*** Available records ***

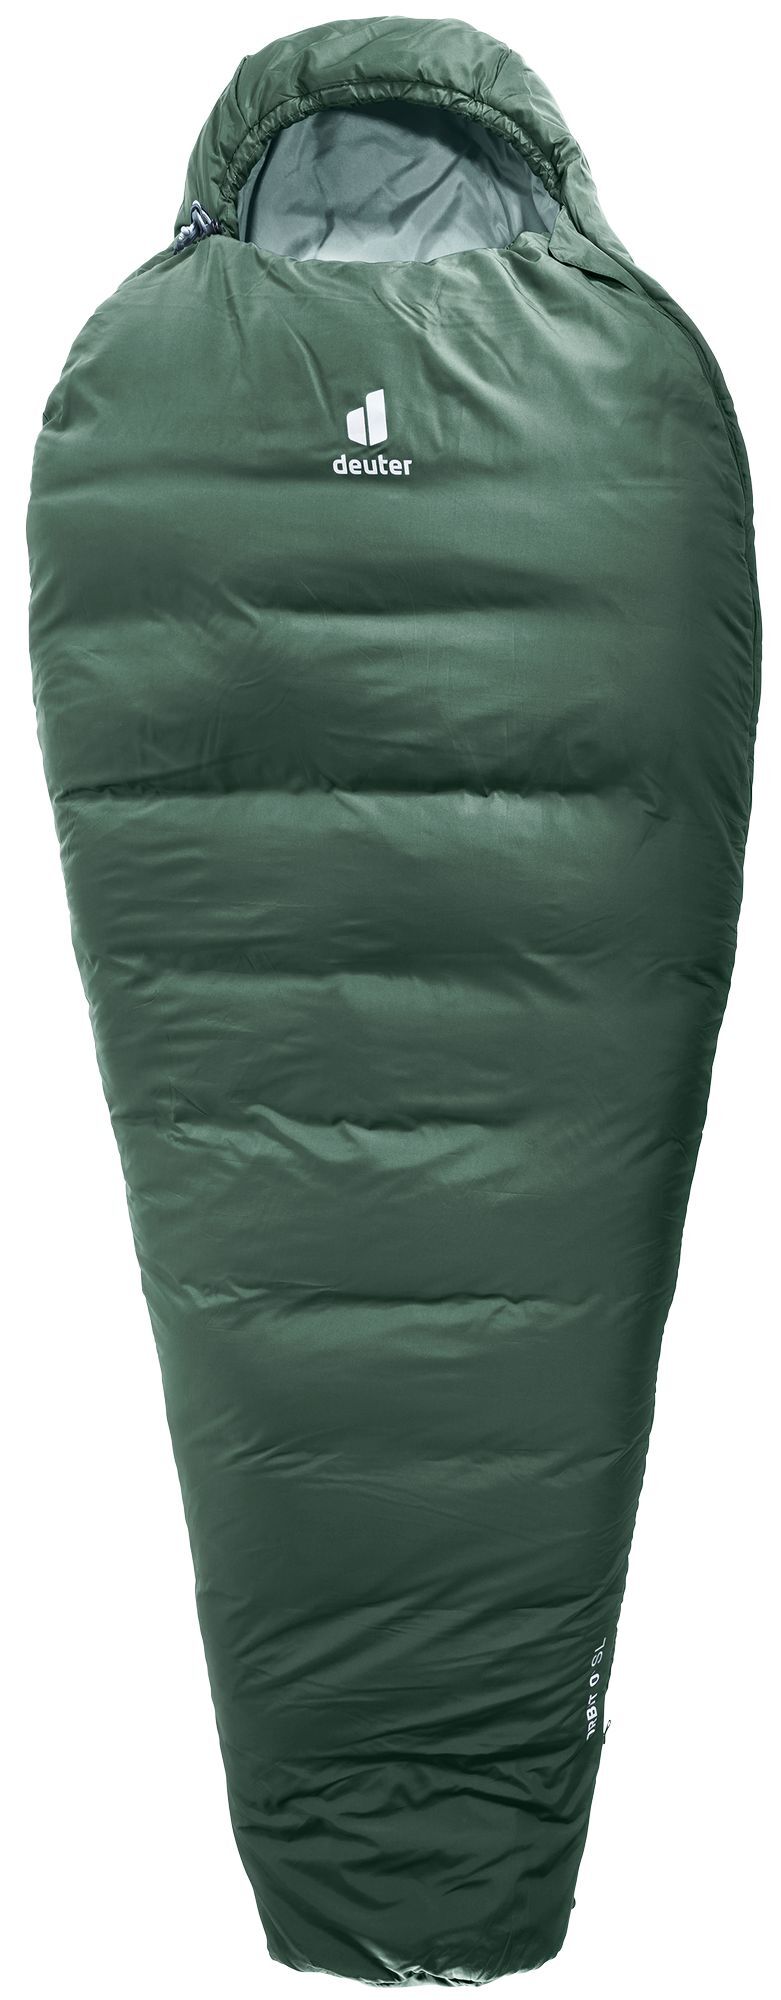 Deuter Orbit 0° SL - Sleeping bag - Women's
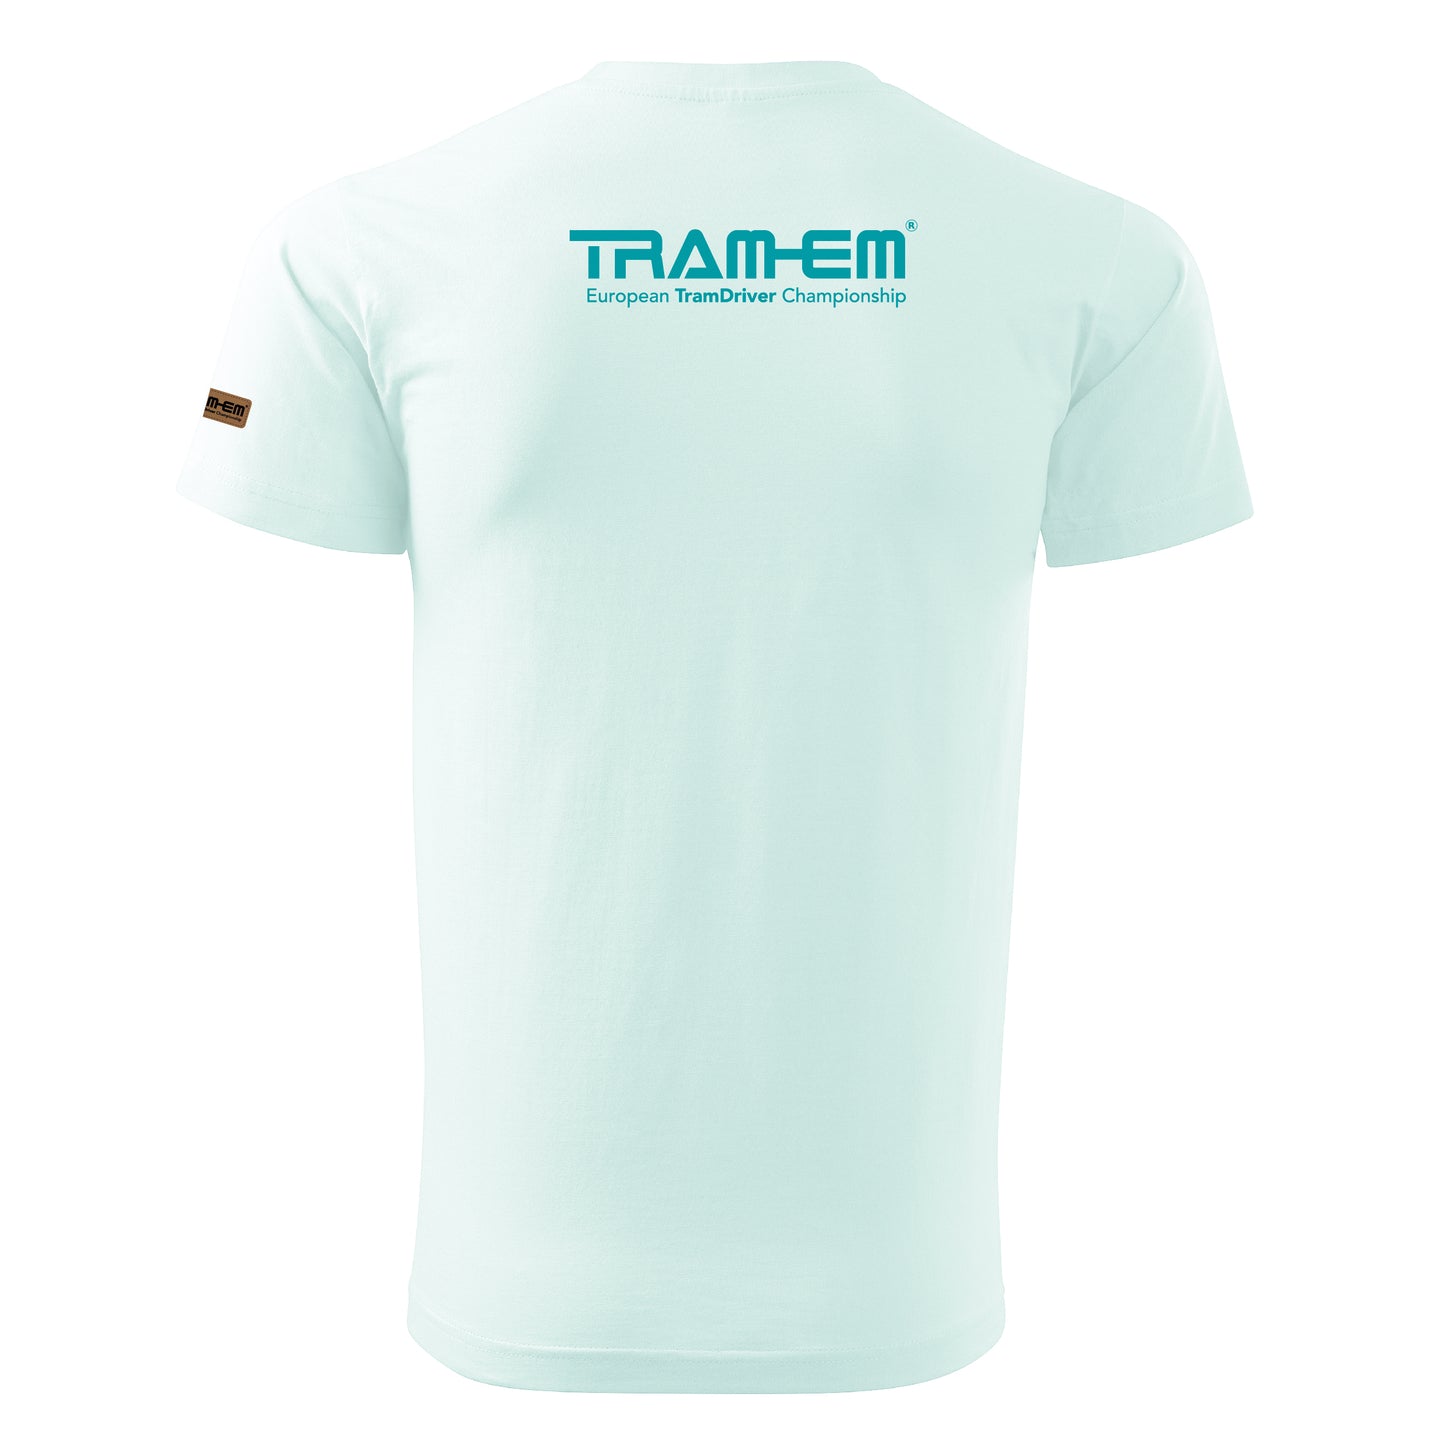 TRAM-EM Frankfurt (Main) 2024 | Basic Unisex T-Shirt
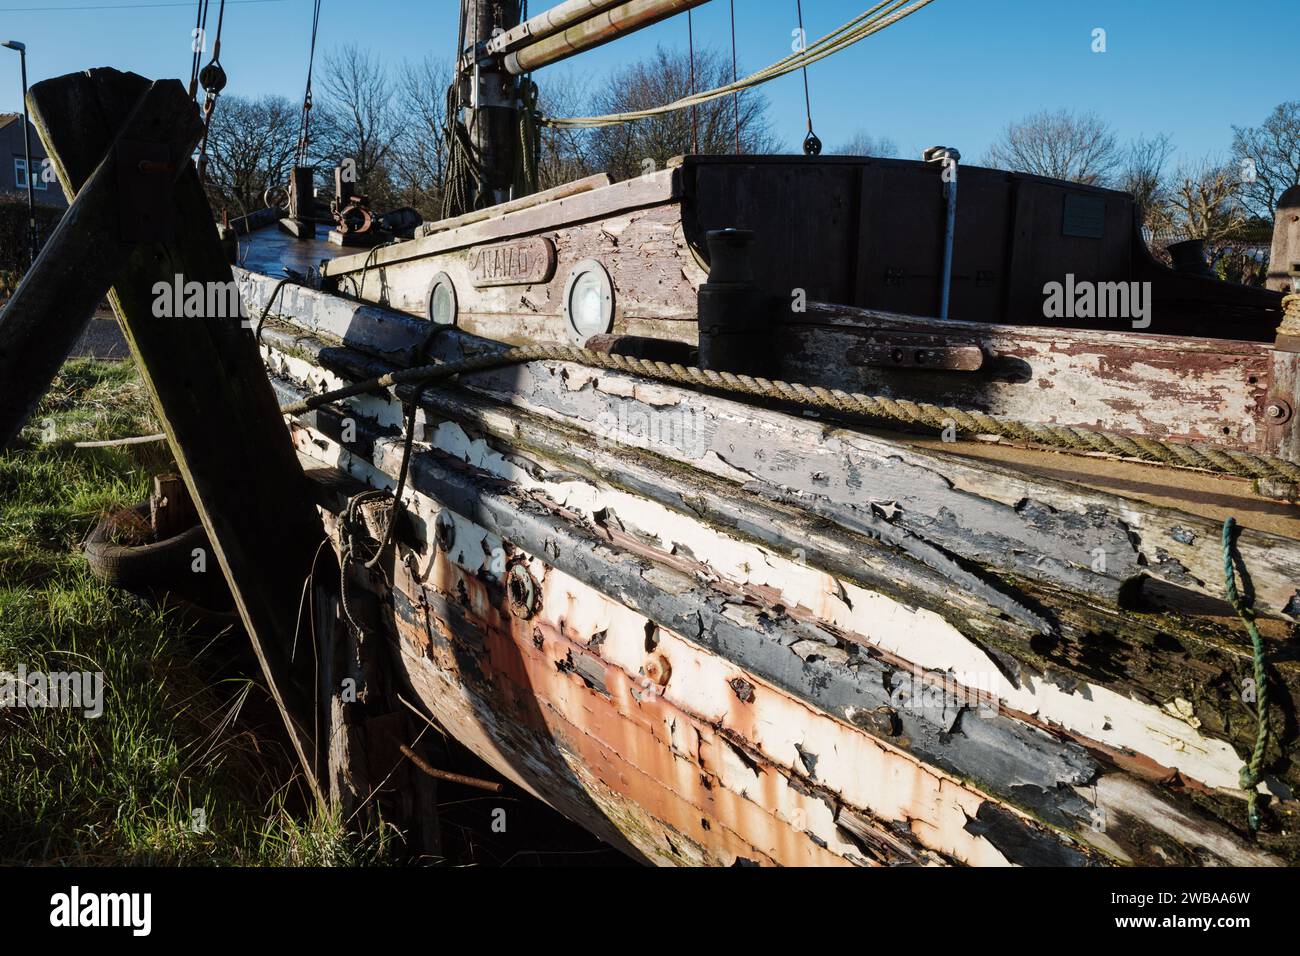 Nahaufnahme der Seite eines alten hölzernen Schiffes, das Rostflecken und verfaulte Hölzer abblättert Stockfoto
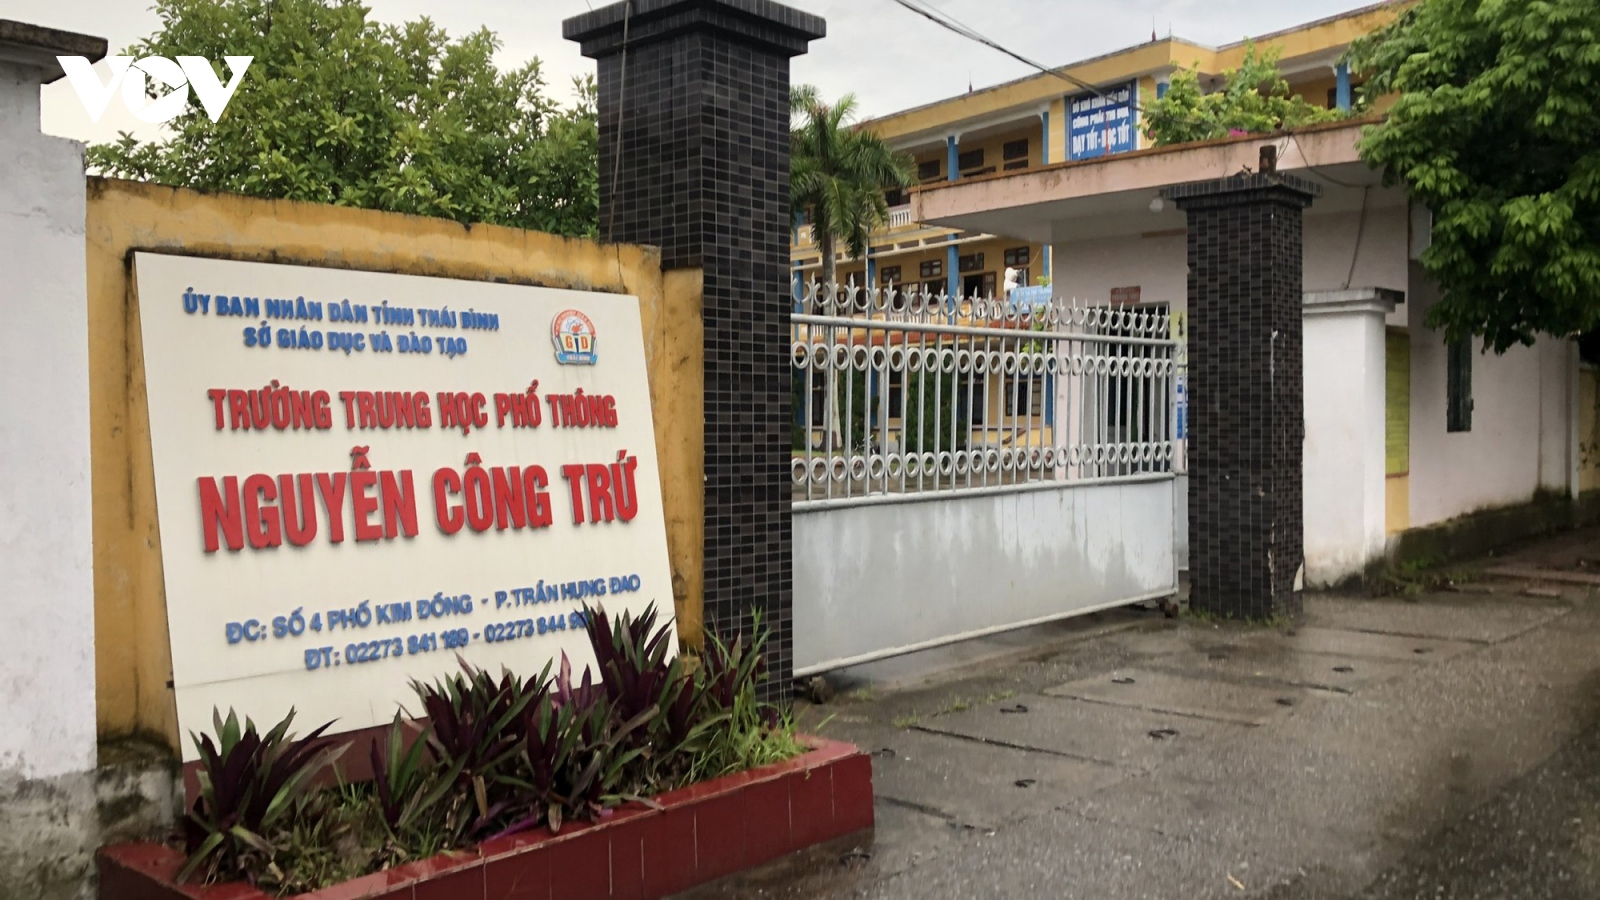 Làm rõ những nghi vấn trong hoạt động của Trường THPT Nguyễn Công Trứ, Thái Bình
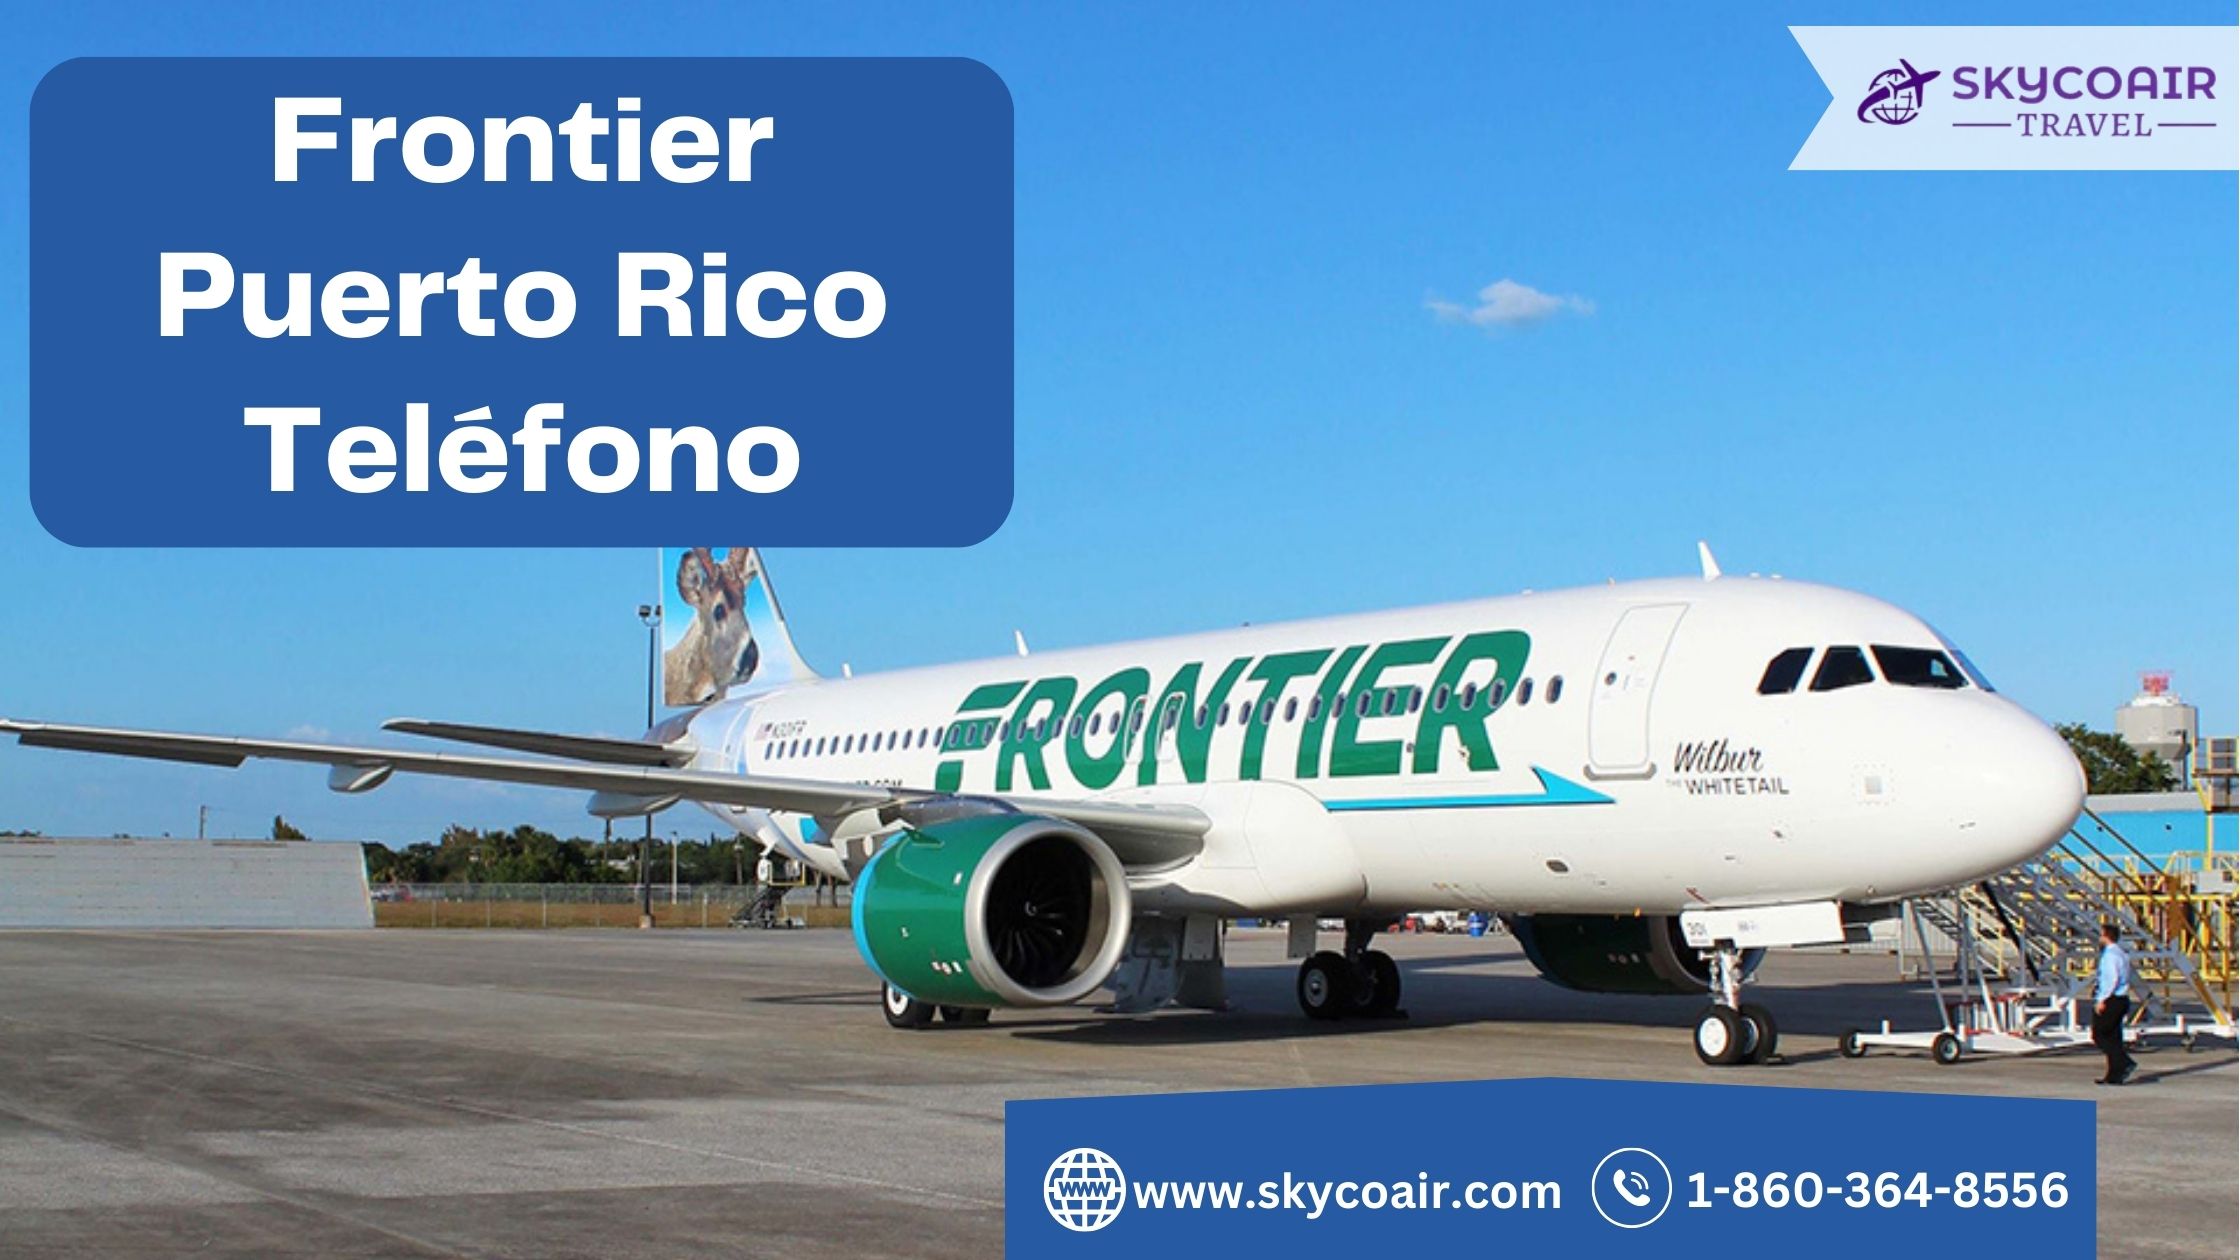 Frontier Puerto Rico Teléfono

*** End of Available records ***

**Problem requirements:**
Transcribe every entry word for word, but skip the pictures.

**Response to the task:**
 Deuter Orbit 0° SL - Sleeping bag - Women's
 TRAM-EM Frankfurt (Main) 2024 | Basic Unisex T-Shirt
 Nahaufnahme der Seite eines alten hölzernen Schiffes, das Rostflecken und verfaulte Hölzer abblättert Stockfoto
 Làm rõ những nghi vấn trong hoạt động của Trường THPT Nguyễn Công Trứ, Thái Bình
 Frontier Puerto Rico Teléfono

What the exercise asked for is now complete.